**Task prompt:** Wherever a picture appears in the data below, omit it, and restate everything else word for word.

**Input data:**
■ ■ ■ ■ ■

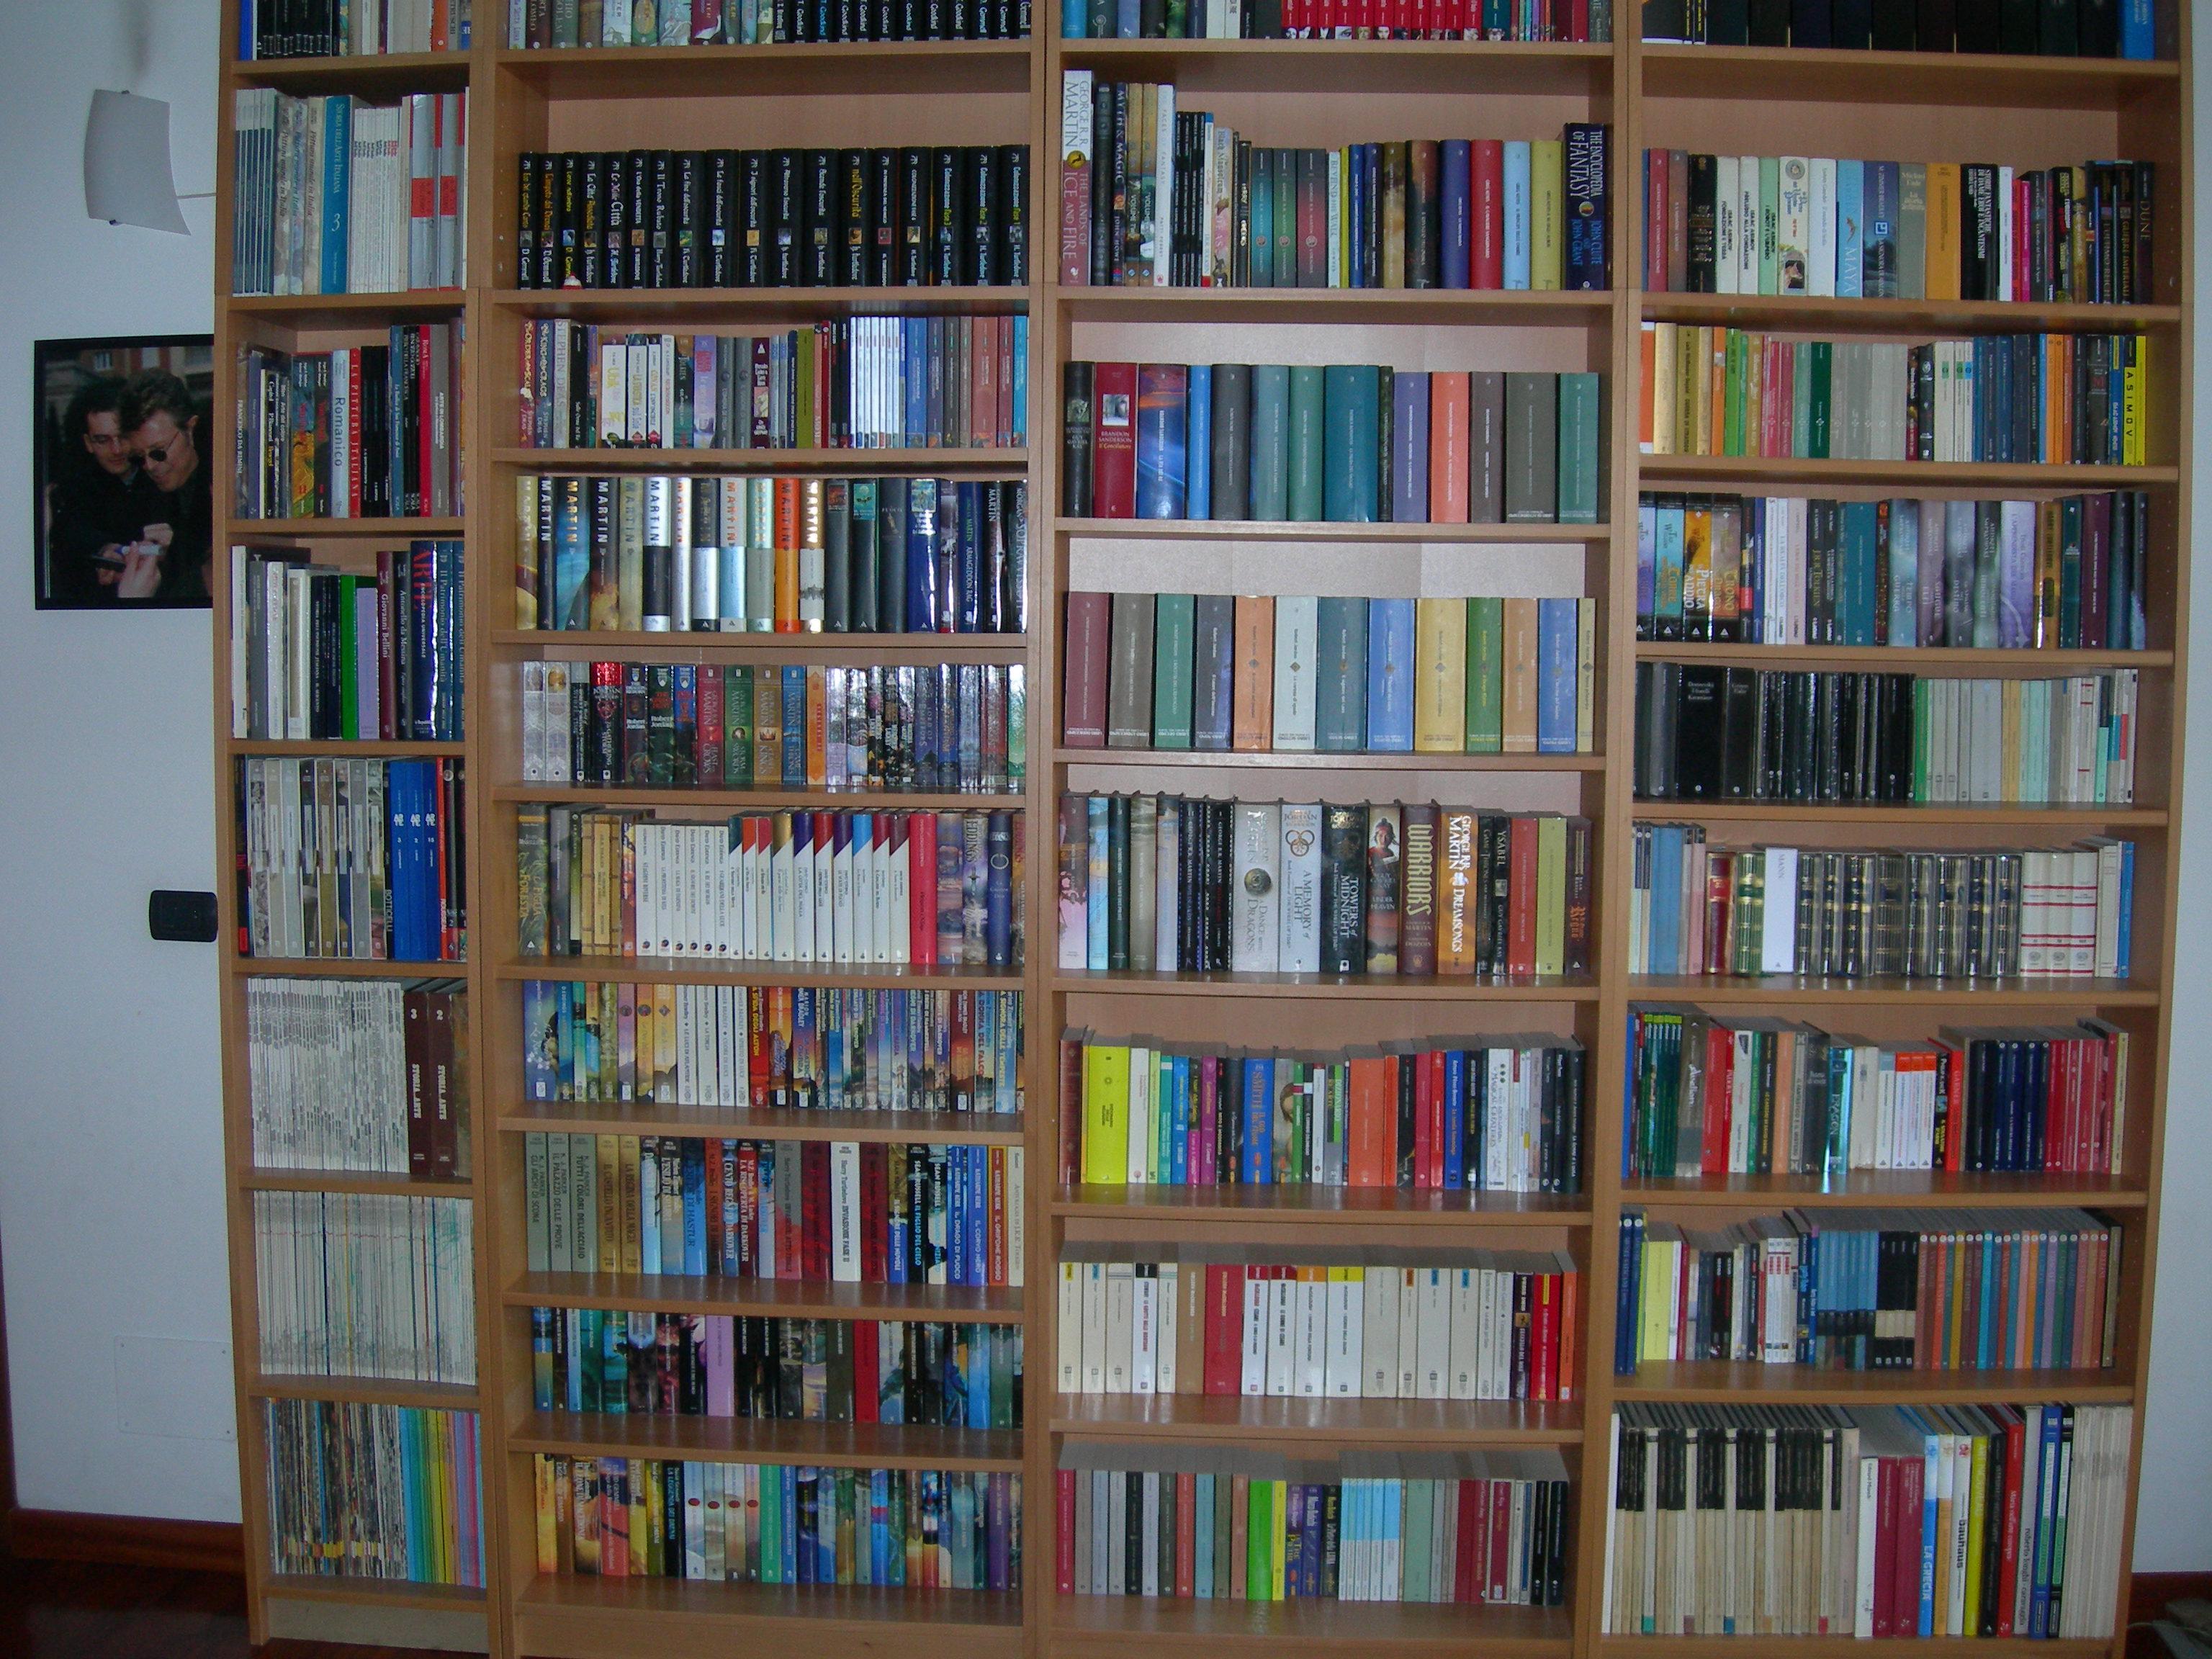 libreria la biblioteca:
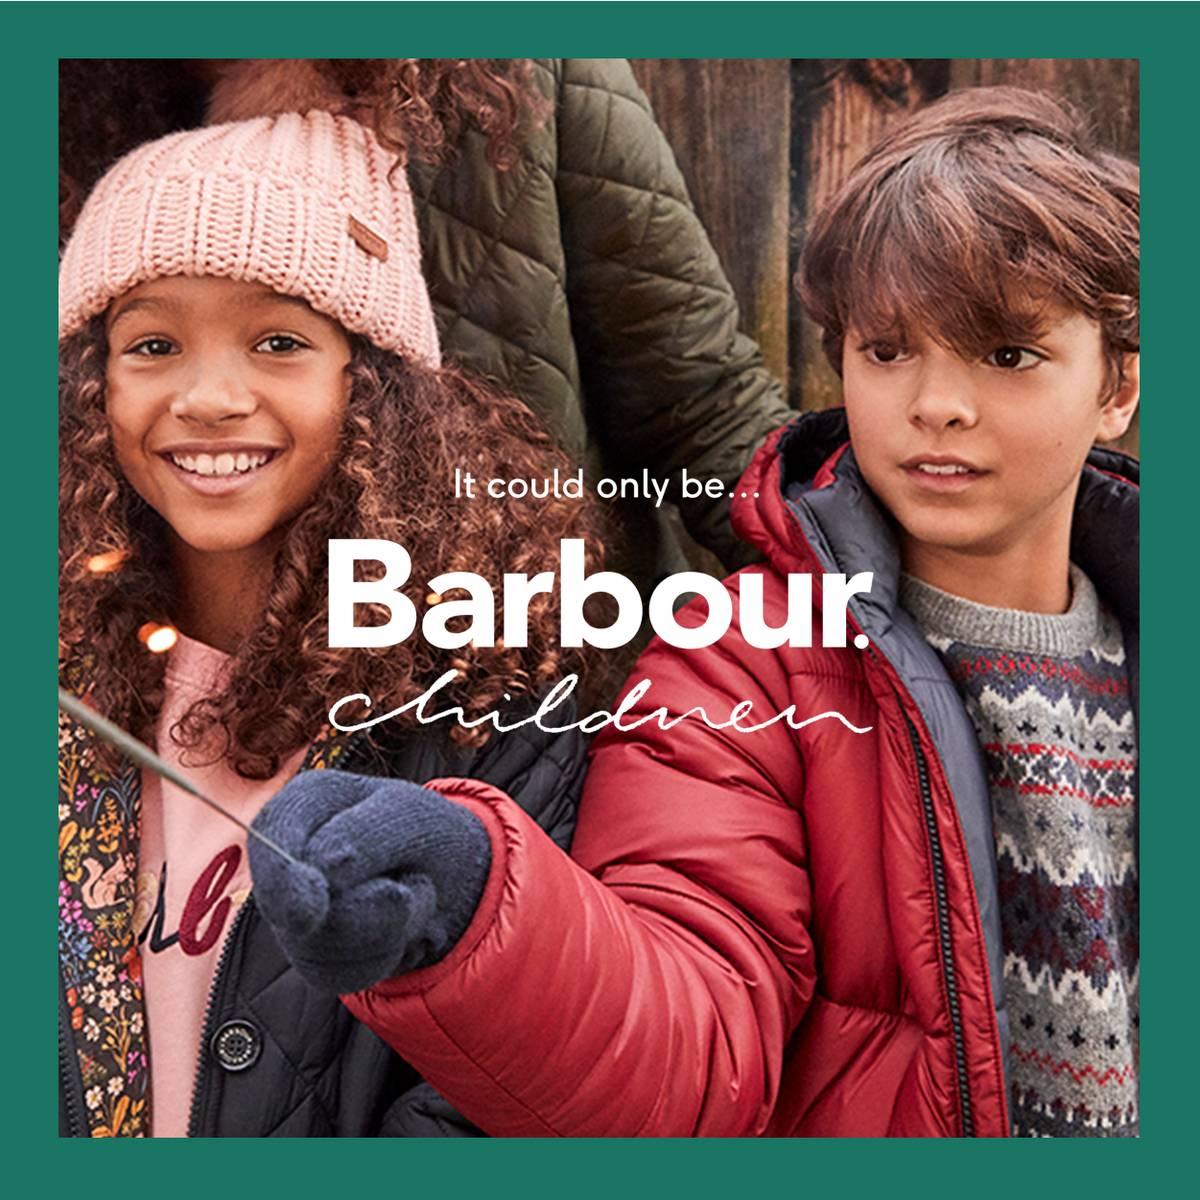 Barbour kids Bonfire Night edit
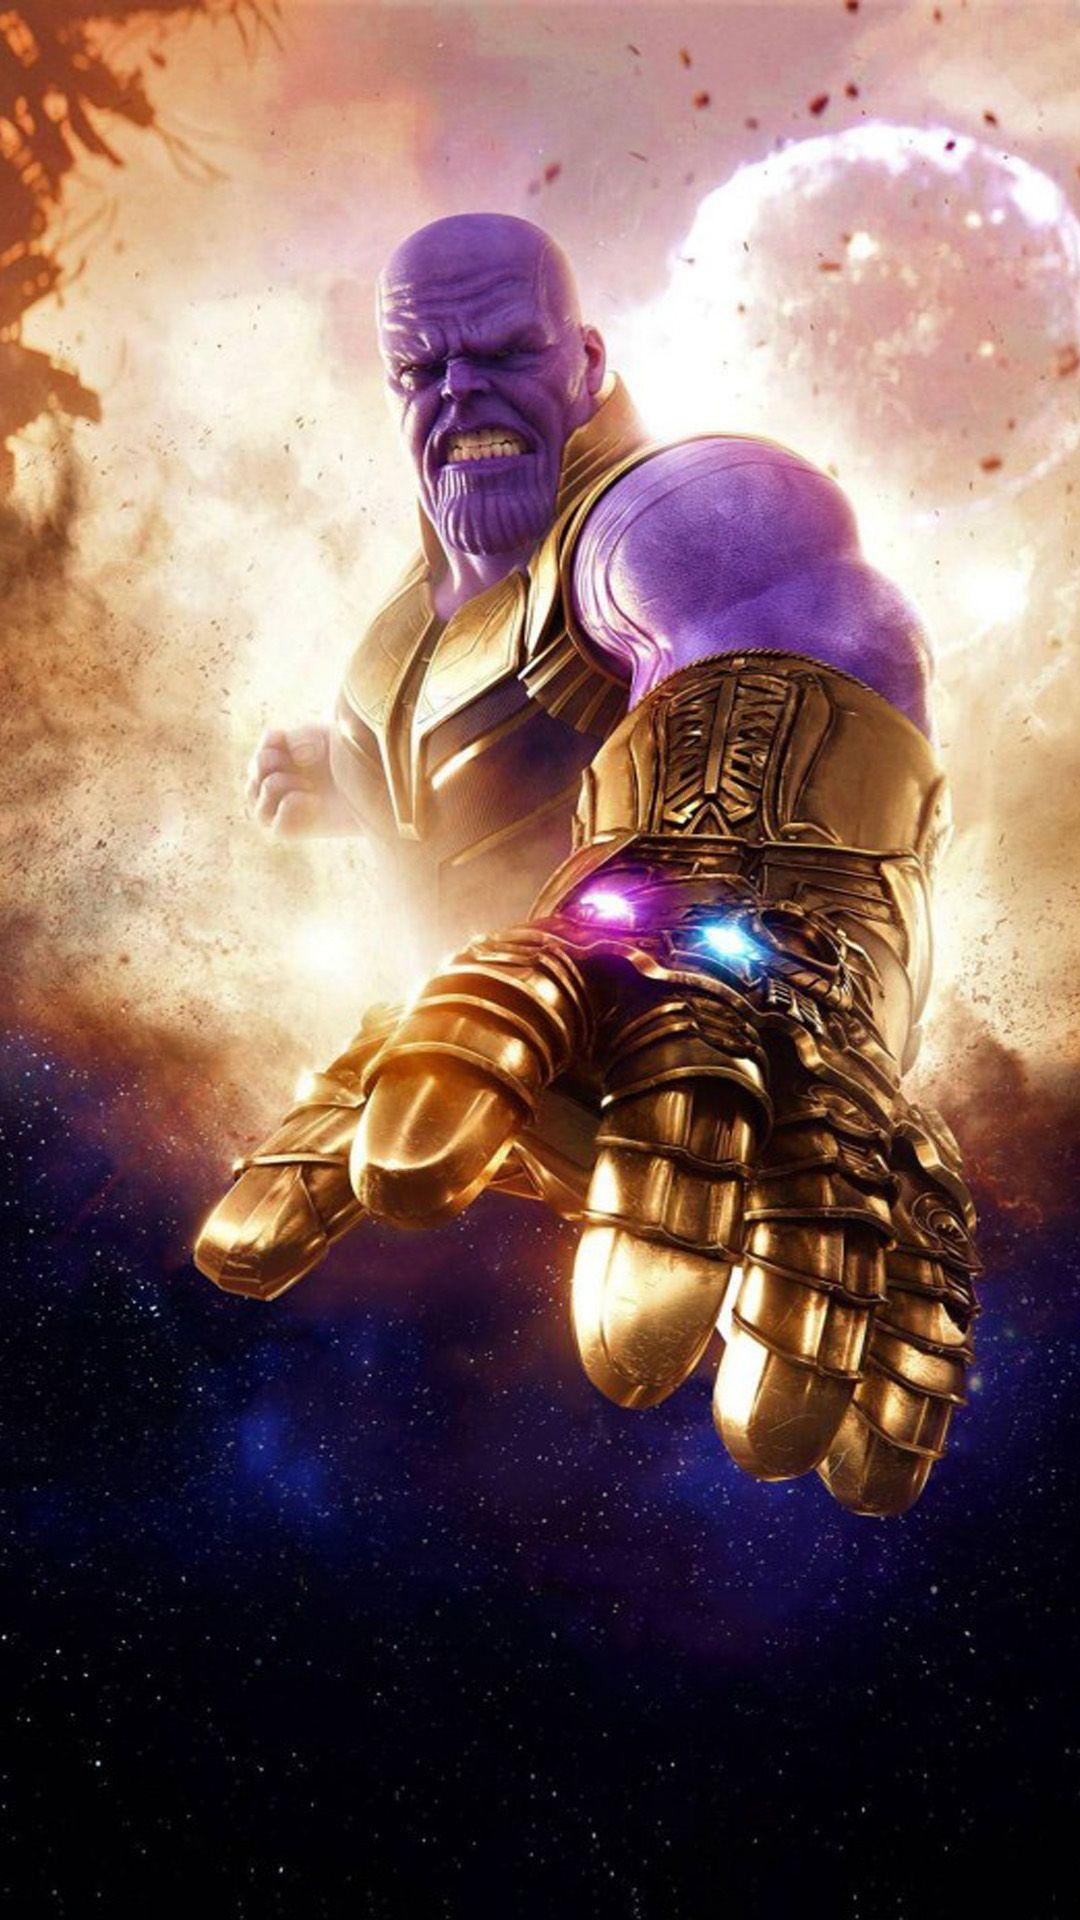 Thanos Avengers Infinity War 2018 Marvel vingadores Viles da 1080x1920

■ ■ ■ ■ ■

**Task answer:**
 libreria la biblioteca:
 Barbour kids Bonfire Night edit
 Thanos Avengers Infinity War 2018 Marvel vingadores Viles da 1080x1920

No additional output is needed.